La cour d'appel de Paris a refusé mardi à Jean-Marie Villemin la réhabilitation, c'est-à-dire l'effacement de son casier judiciaire, qui sera automatique en 2008. Il a été condamné en 1993 à cinq ans de prison dont quatre ans ferme pour avoir tué le 29 mars 1985 le meurtrier présumé de son fils Grégory, Bernard Laroche.

La cour d'appel reproche dans ses attendus à Jean-Marie Villemin d'avoir écrit un livre sur l'affaire, ce qui selon les juges a contribué à une médiatisation "qui persiste et qui est de nature à raviver l'affliction des parties civiles".

Grégory Villemin, âgé de quatre ans, avait été retrouvé mort, pieds et mains liés, le 16 octobre 1984 dans la Vologne, une rivière proche de son domicile de Lépange-sur-Vologne (Vosges).
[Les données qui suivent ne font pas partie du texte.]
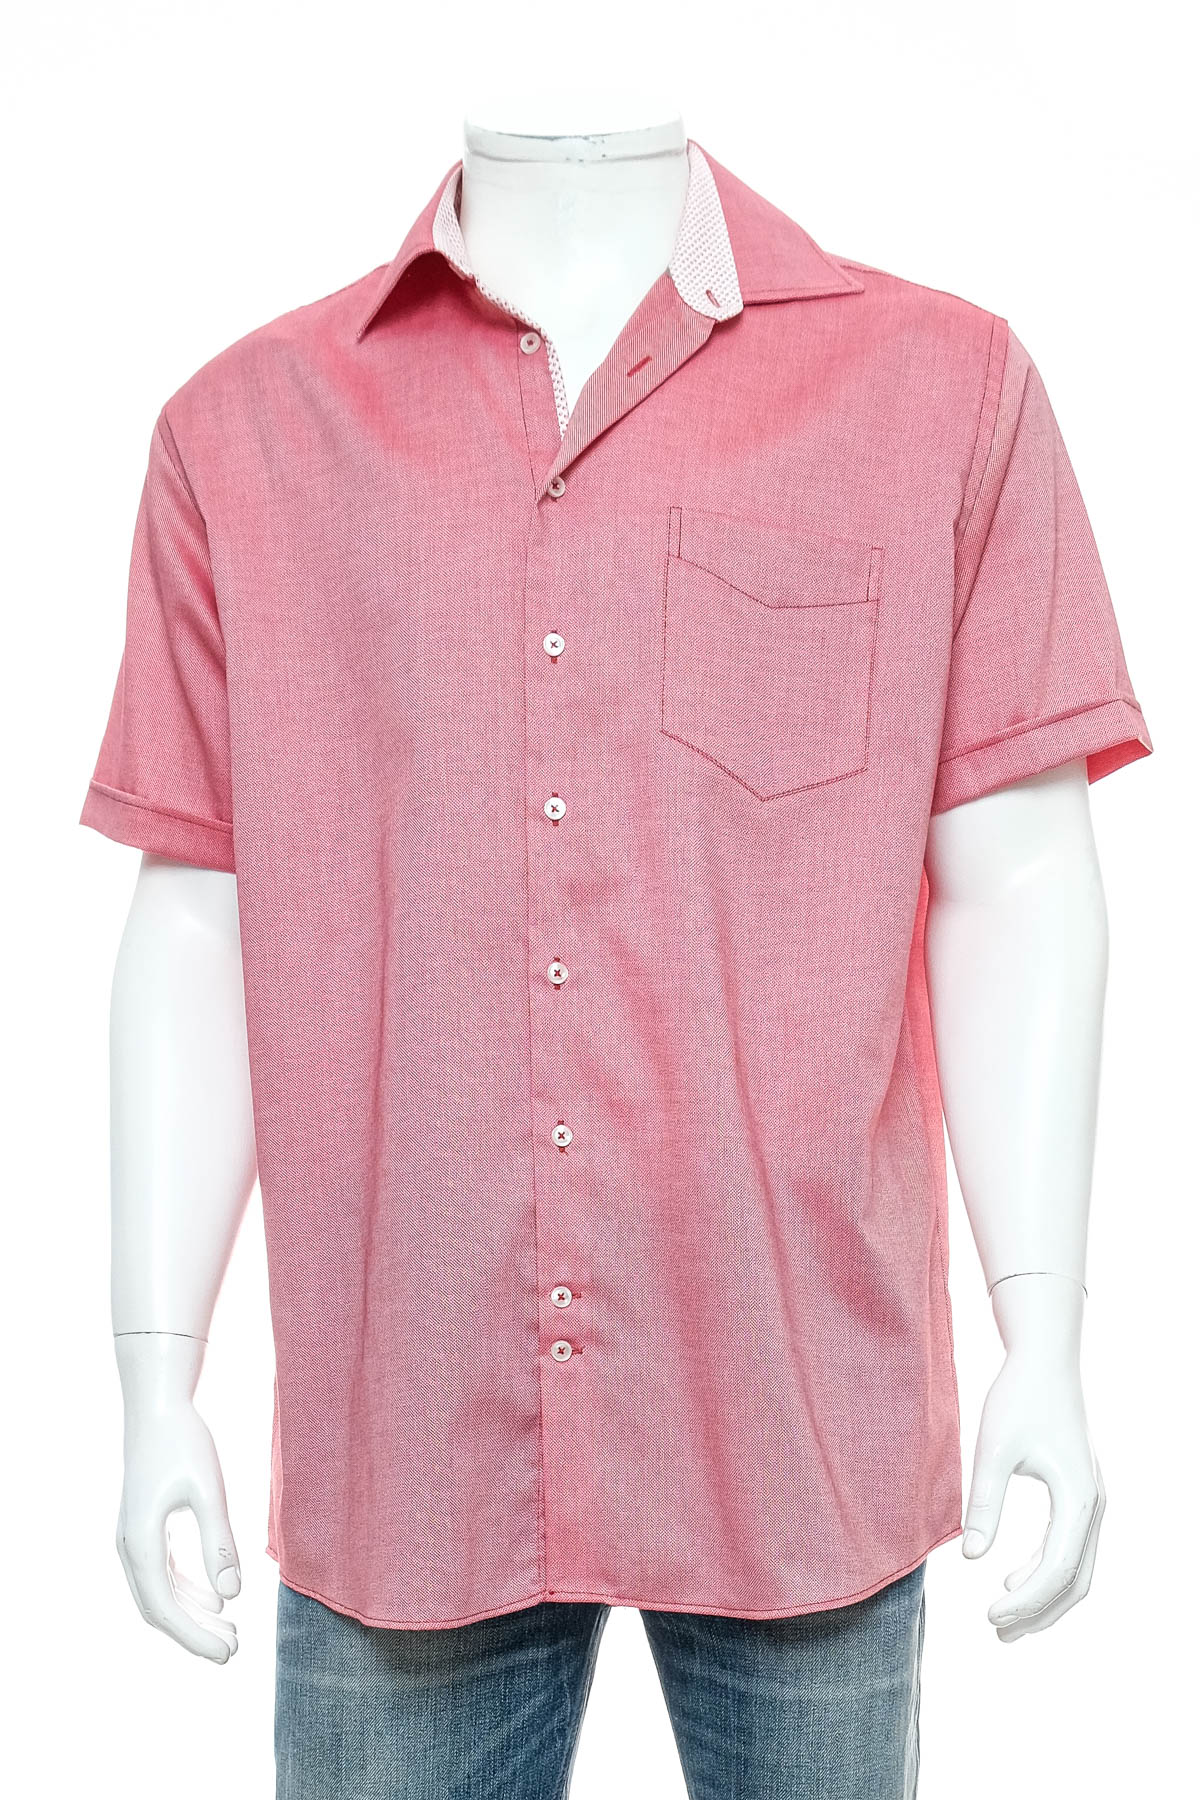 Ανδρικό πουκάμισο - Hatico - 0

Un juge d'instruction, Jean-Michel Lambert, avait d'abord inculpé Bernard Laroche, oncle de la victime, mis en cause par plusieurs éléments, ensuite annulés pour vice de procédure. Libéré, Bernard Laroche a été tué à coups de fusils par Jean-Marie Villemin.

Les soupçons du magistrat s'étaient ensuite portés sur Christine Villemin, mère de la victime, alors enceinte, qui a finalement bénéficié d'un non-lieu en 1993. L'affaire de la mort de Grégory n'est pas terminée car elle ne sera prescrite qu'en 2011.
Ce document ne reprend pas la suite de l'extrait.